Could you give the data below again exactly, apart from the pictures?

DATA PROVIDED section start

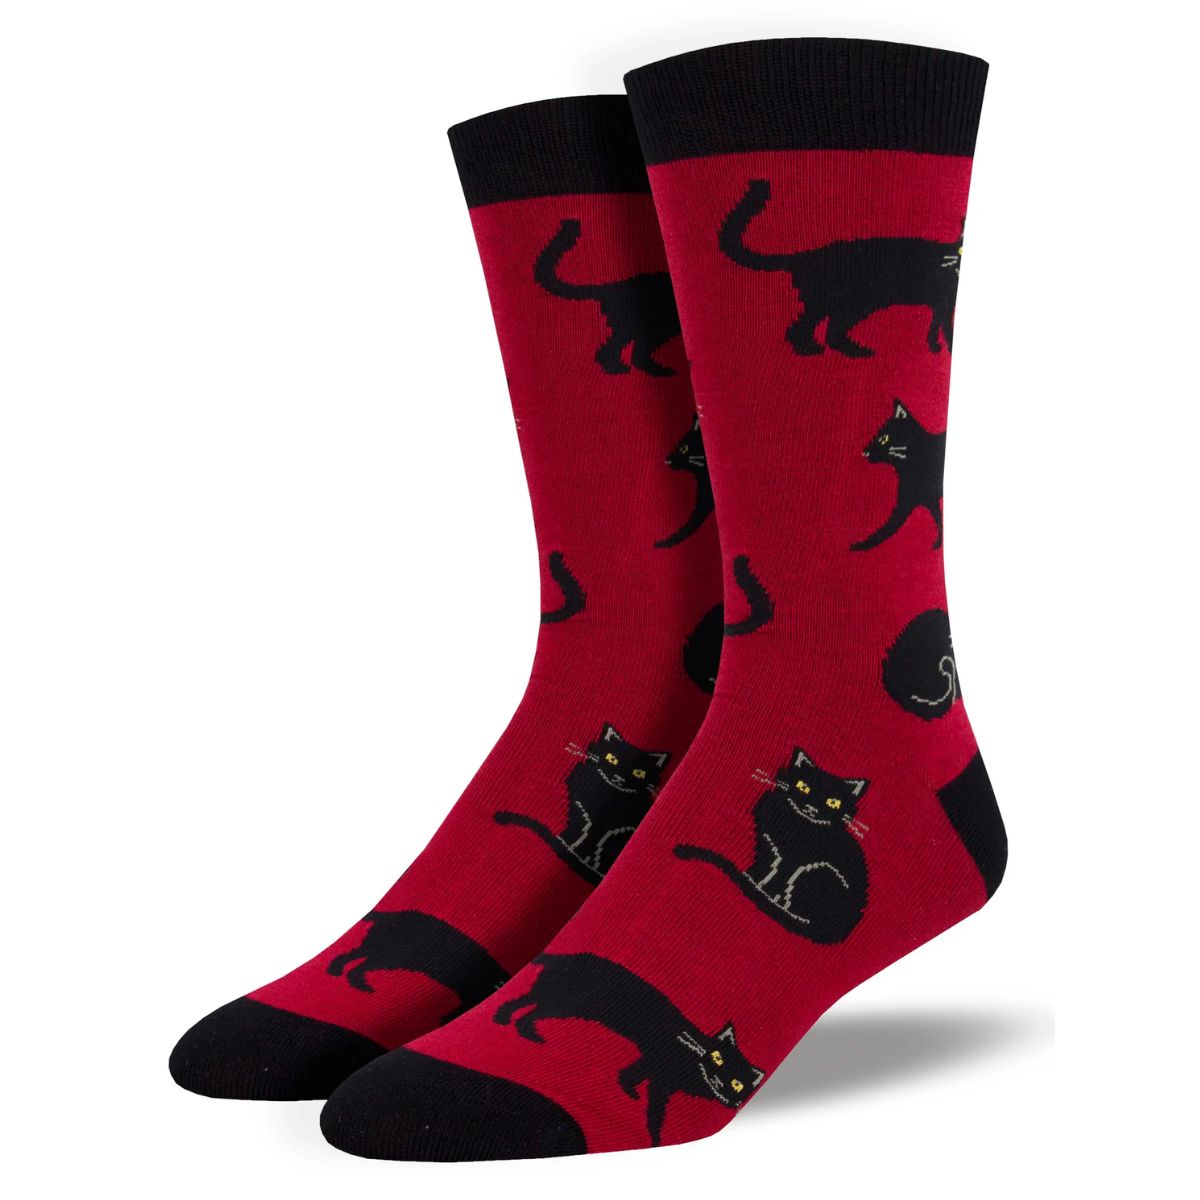 black cat socks a pair of red crew socks with black cat print
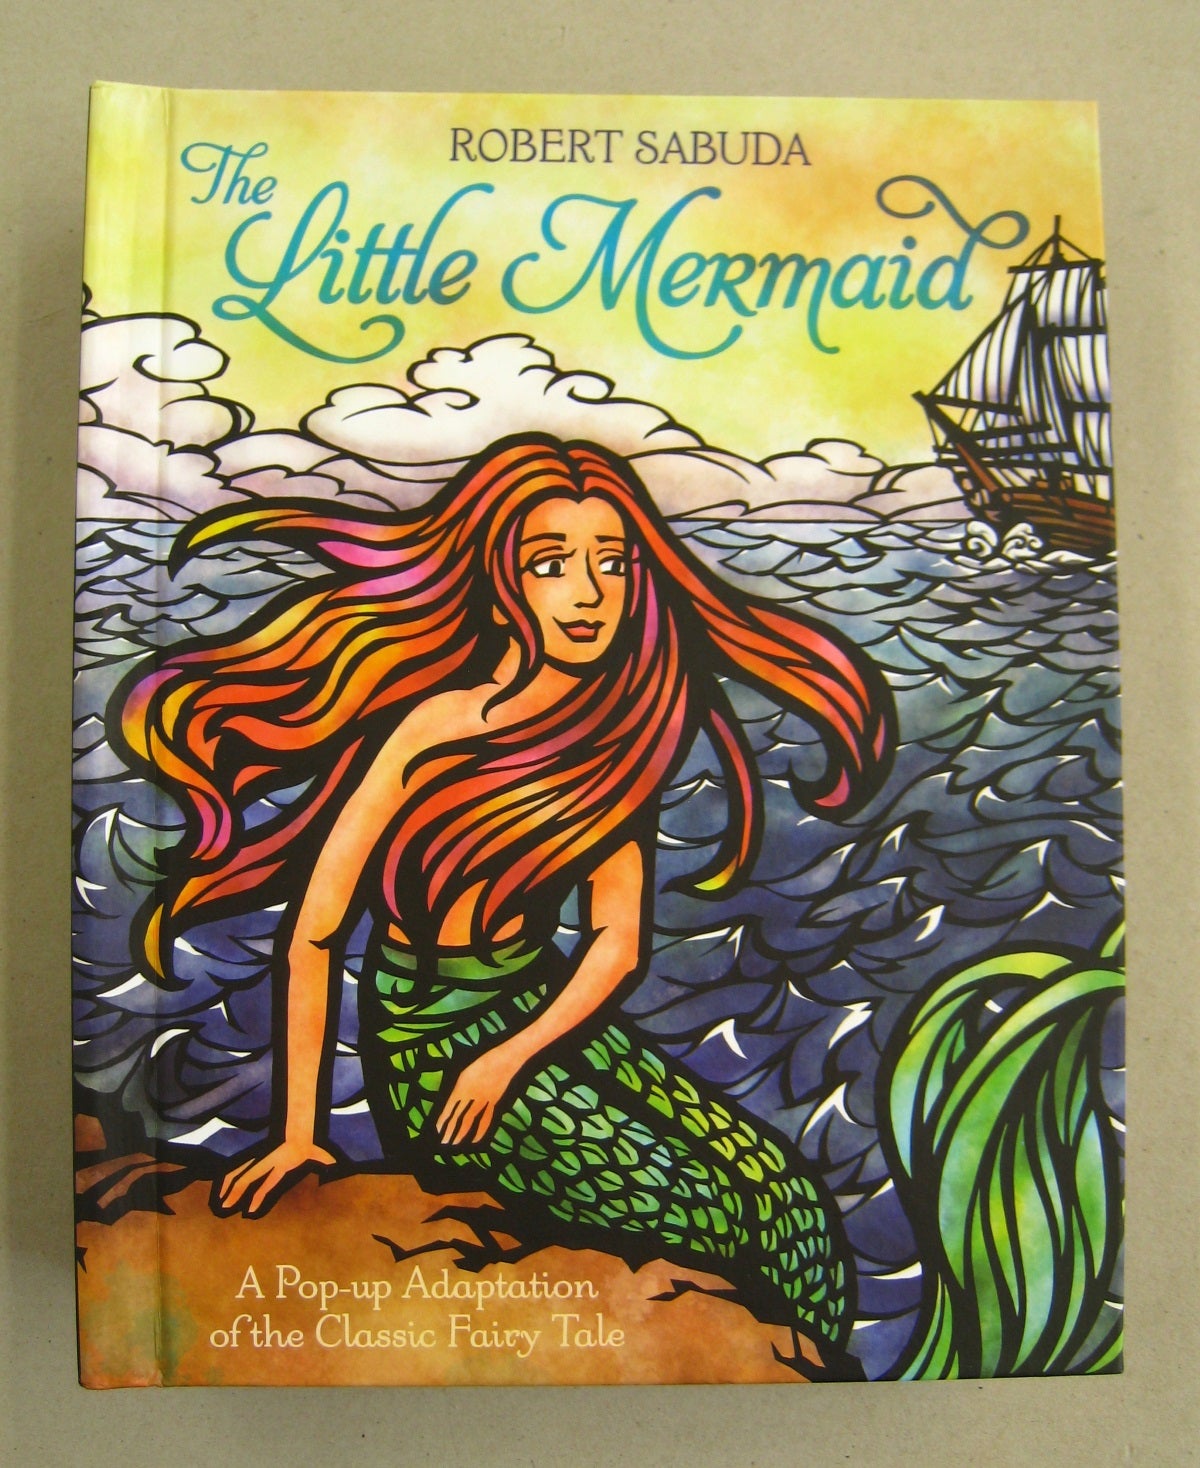 hans christian andersen the little mermaid cover
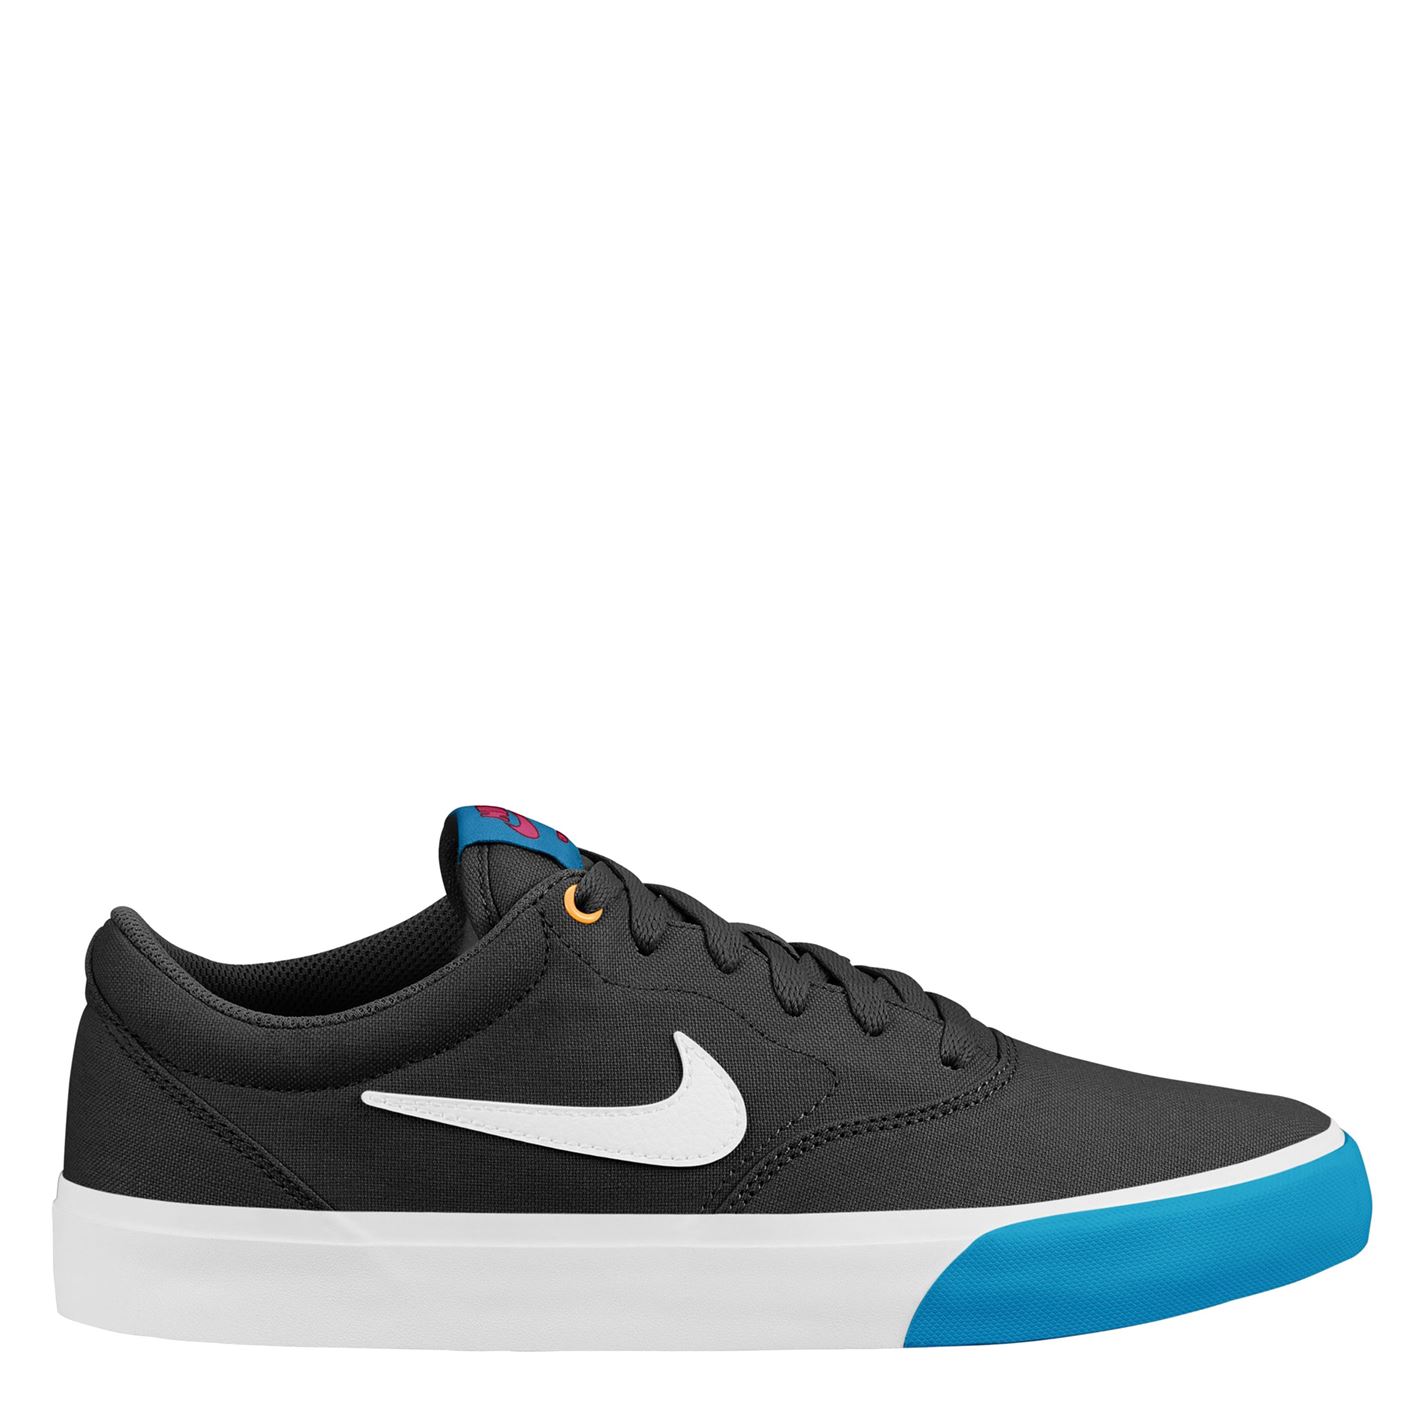 Nike SB Charge Premium Skate Shoe negru alb albastru
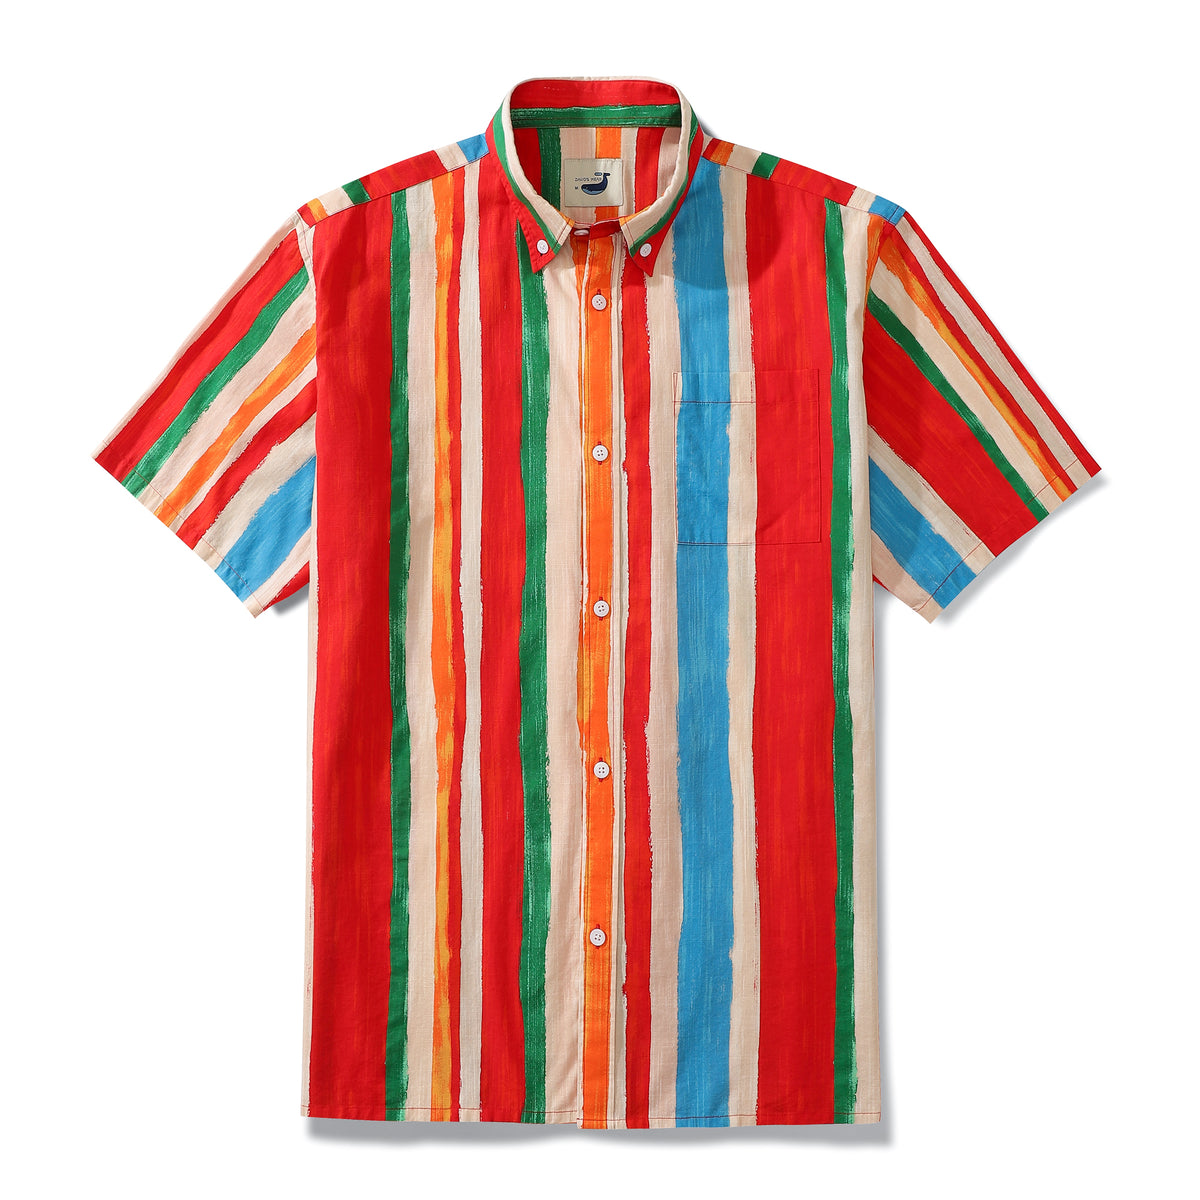 Men's Aloha Shirt Colorful Stripe Pattern Cotton Short Sleeve Button D ...

DATA PROVIDED section end

**RESULT BELOW:**
 black cat socks a pair of red crew socks with black cat print
 hans christian andersen the little mermaid cover
 Nike SB Charge Premium Skate Shoe negru alb albastru
 Men's Aloha Shirt Colorful Stripe Pattern Cotton Short Sleeve Button D ...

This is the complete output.